And to answer your question (I'm not a crypto expert, so take with a pinch of salt):
With SHA-1, that probability is generally accepted to be 2^(-160). 1000 is roughly 2^10, so the final probability is about 2^(-150). I guess that's still improbable enough...
But I think you do make a very valid and interesting point.
Maybe a better way to explain my concern is to consider hashing something once versus twice, rather than 1000 times.
Let h be a hash function and p be the probability P(h(x) = h(y)) for randomly chosen x and y.
Say you have unique inputs a and b.
Obviously, P(h(a) = h(b)) = p.
Now consider P(h(h(a)) = h(h(b))). h(h(a)) = h(h(b)) if:
h(a) = h(b) [probability p]
h(a) != h(b) [probability 1-p], and
h(h(a)) = h(h(b)) [probability p].
Since p is small, the probability of a collision has nearly doubled just by applying the hash function again.
[note: Higher up in this thread I mistakenly implied that the probability increased linearly.
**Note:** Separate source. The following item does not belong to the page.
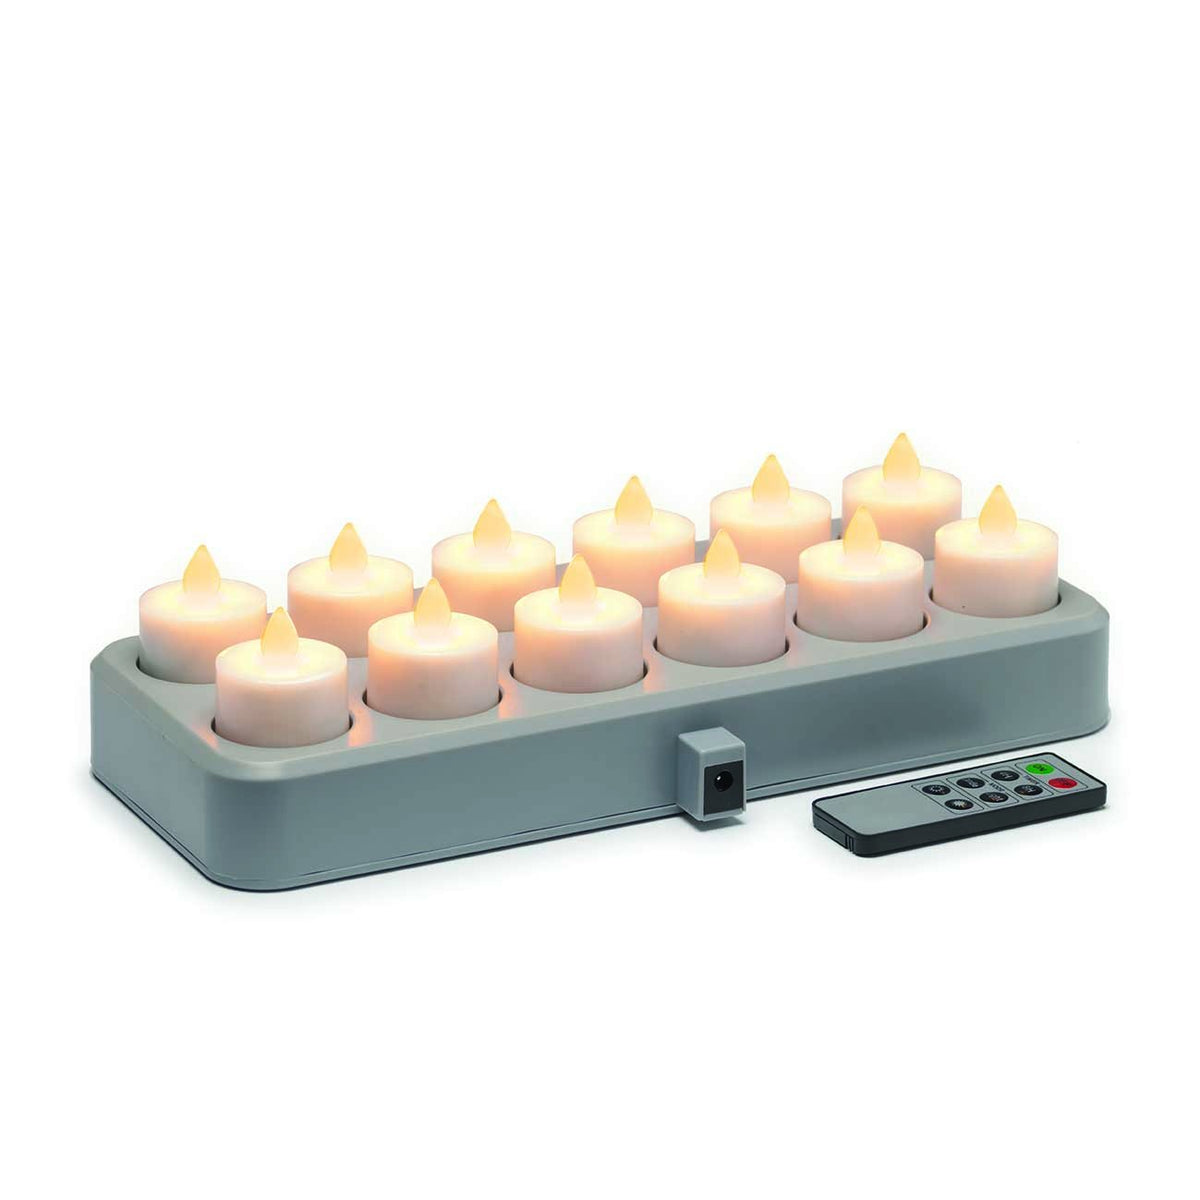 Remote Controlled set of 12 Rechargeable LED Flicker Tealights in Candlelight Colour

With a low number of iterations and realistic values for p it should be close to linear, but not exact.]
The converse is not true. There will be cases where SHA1(SHA1(m)) = SHA1(SHA1(n)), but SHA1(m) != SHA1(n). (Or does SHA1 somehow guarantee that this will not happen?)
So it seems to follow that the chances that H(a) = H(b) when H(m) -> SHA1(SHA1(m)) must be higher than when H(m) -> SHA1(m).
Am I missing something?
But on the off chance that we can end this thread gracefully, I'll point out that SHA256(SHA(256(m), m) is SHAd256(m), and considered by Ferguson to address security concerns in straight SHA256.
If SHA1(n) = SHA1(m), we know SHA1(SHA1(n)) = SHA1(SHA1(m)). (this is a consequence of SHA1 being deterministic)
Also, even if SHA1(n) != SHA1(m), there is still a chance that SHA1(SHA1(n)) = SHA1(SHA1(m)). (this is a consequence of collisions: SHA1(a) may equal SHA1(b) even if a != b.)
So the probability that SHA1(SHA1(n)) = SHA1(SHA1(m)) must be more than the probability that SHA1(n) = SHA1(m).
In general though, I'm still convinced that putting a hash function in a loop will increase the probability of a collision.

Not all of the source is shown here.